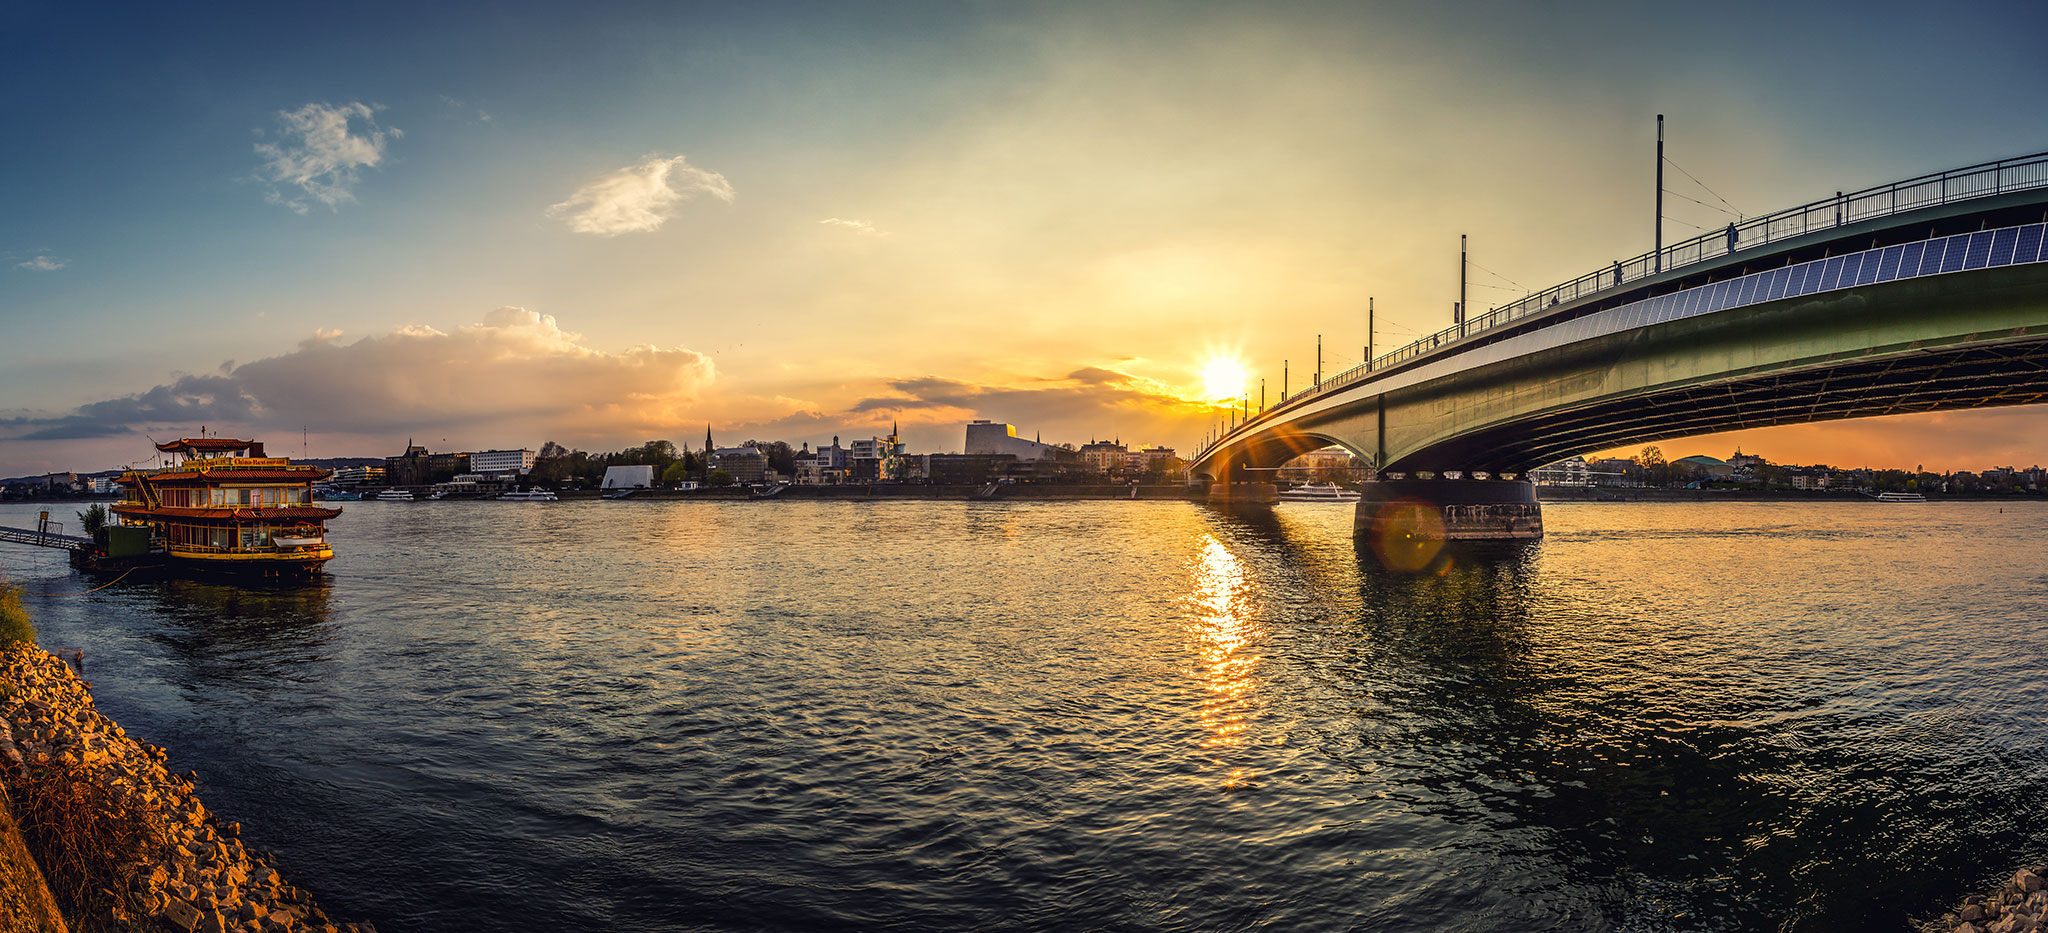 Sunset at Kennedy Bridge, Bonn, Germany
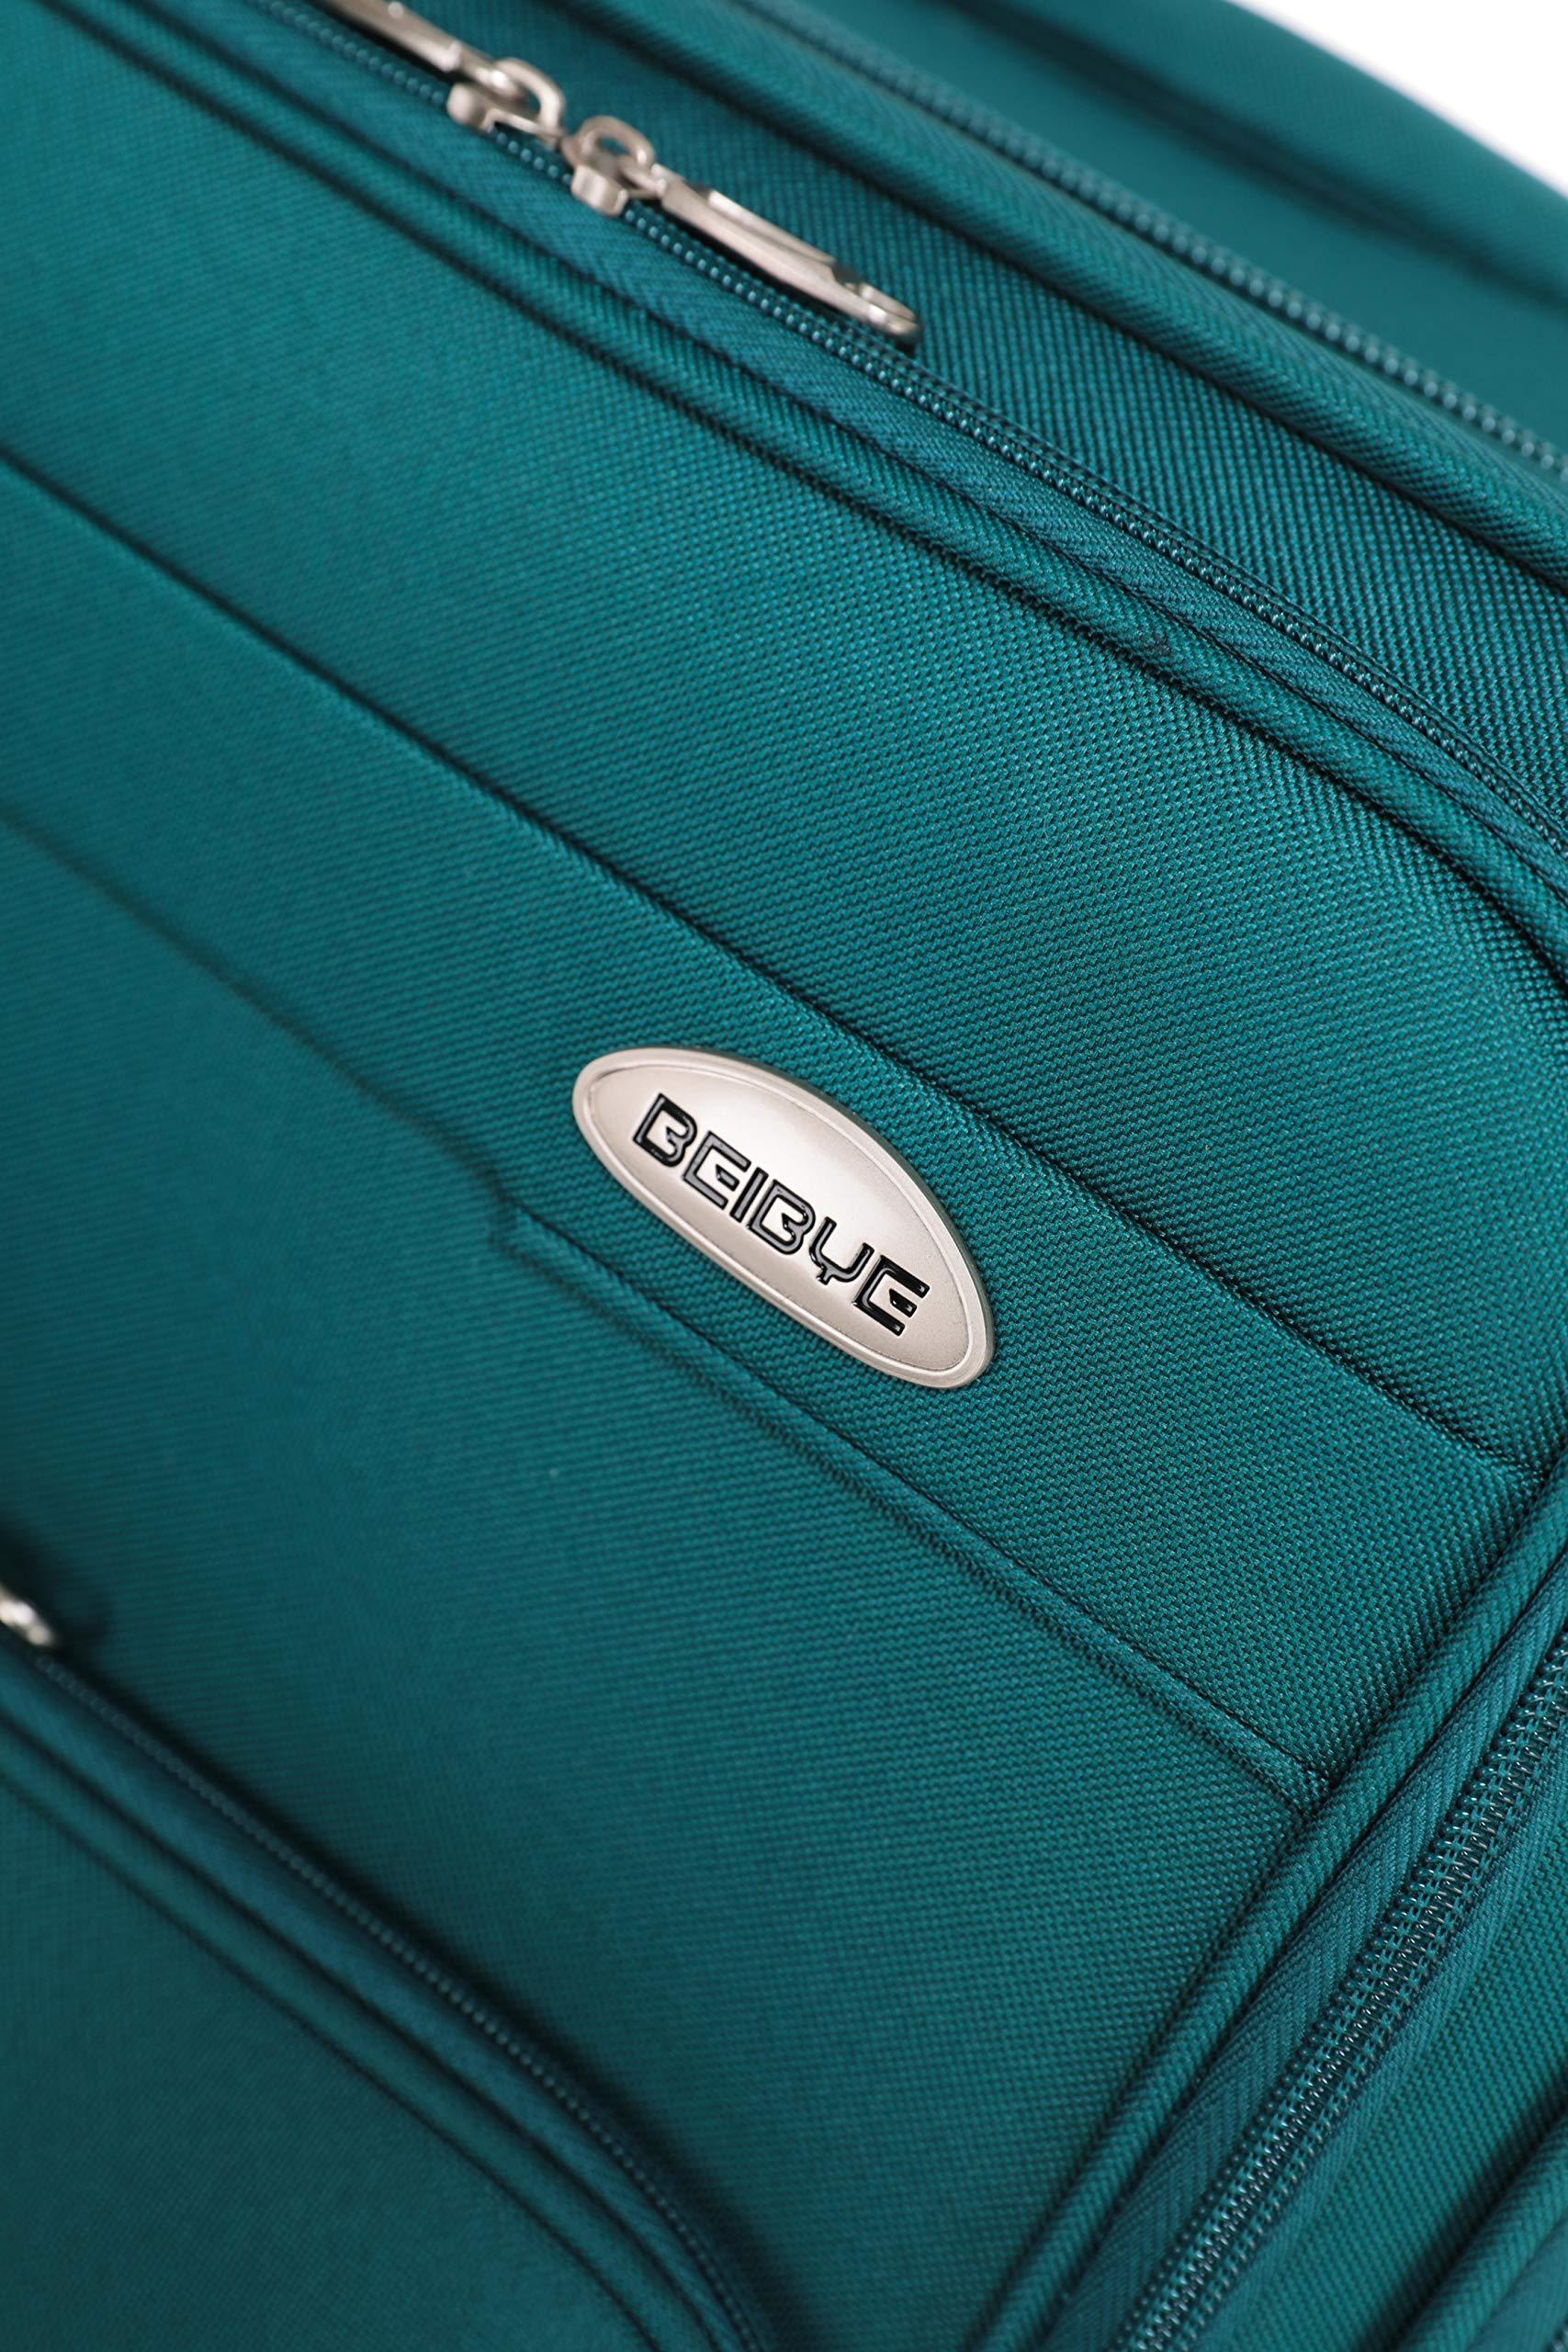 BEIBYE-4-Rollen-Reisekoffer-3tlgStoffkoffer-Handgepck-Kindergepck-Gepck-Koffer-Trolley-Set-XL-L-M
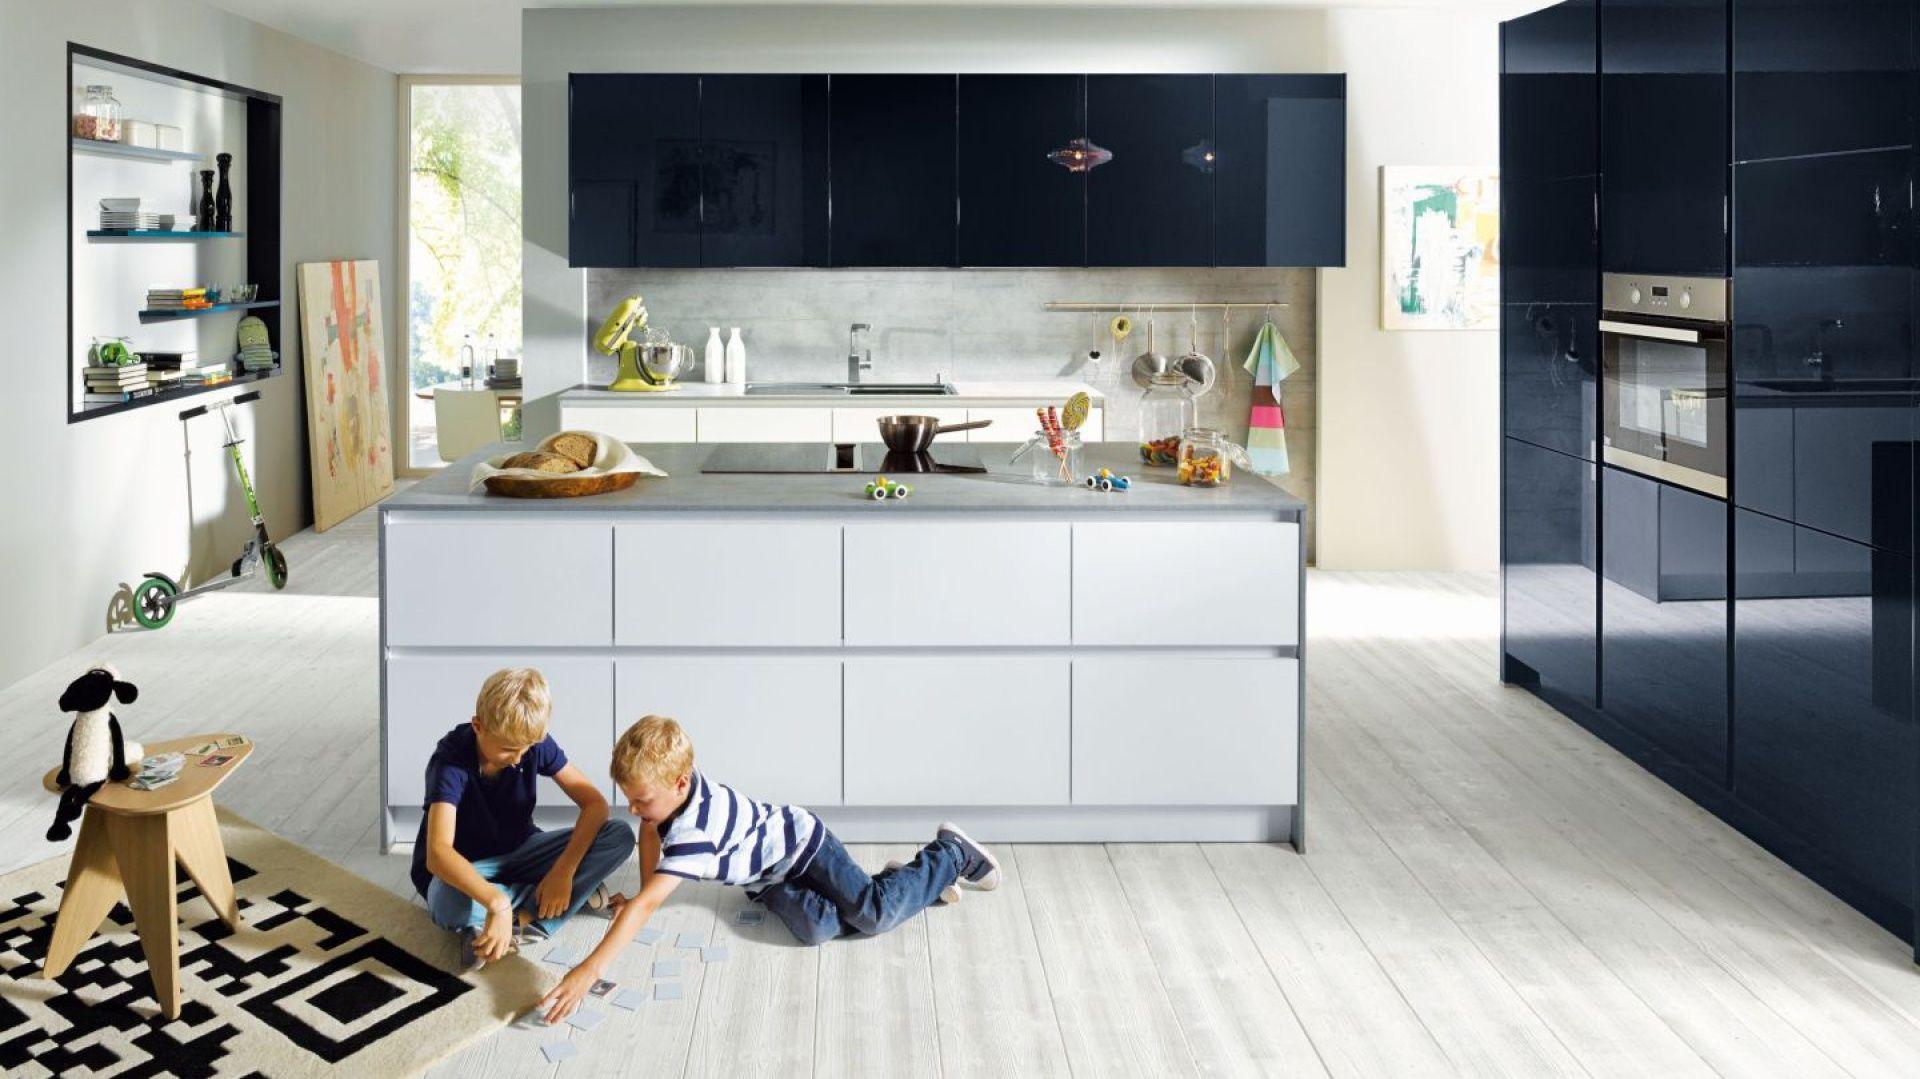 Modna Kuchnia Wybierz Meble Na Wysoki Polysk Sleek Kitchen Blue Kitchen Designs Handleless Kitchen
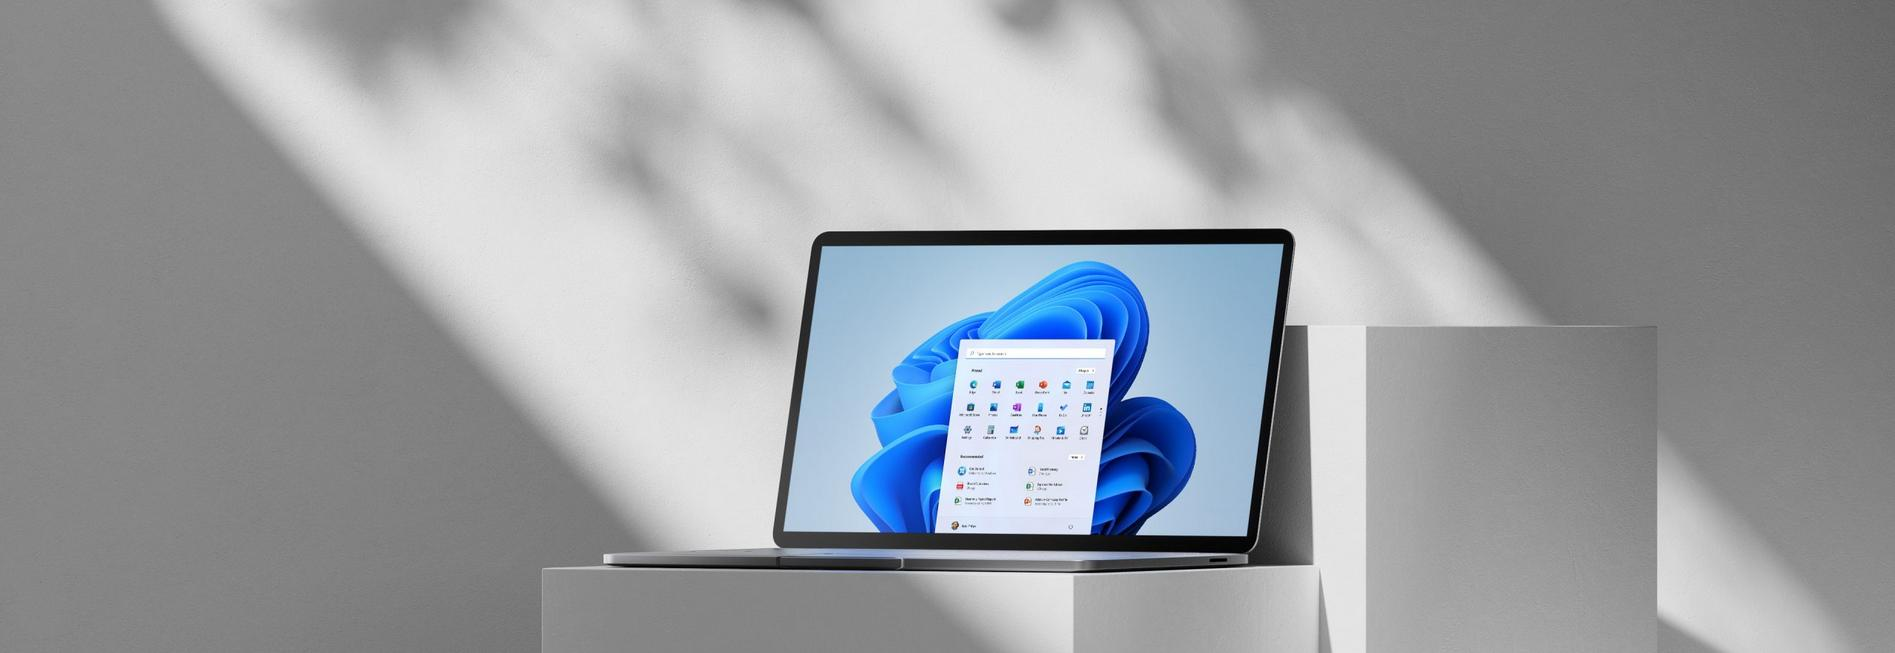 Windows 11 - Nowosciproduktowe.pl

________

# Problem to work on
Copy out all the data exactly. The images should not appear in the copy.

# Solution to this problem
 Sunset at Kennedy Bridge, Bonn, Germany
 BEIBYE-4-Rollen-Reisekoffer-3tlgStoffkoffer-Handgepck-Kindergepck-Gepck-Koffer-Trolley-Set-XL-L-M
 Modna Kuchnia Wybierz Meble Na Wysoki Polysk Sleek Kitchen Blue Kitchen Designs Handleless Kitchen
 Windows 11 - Nowosciproduktowe.pl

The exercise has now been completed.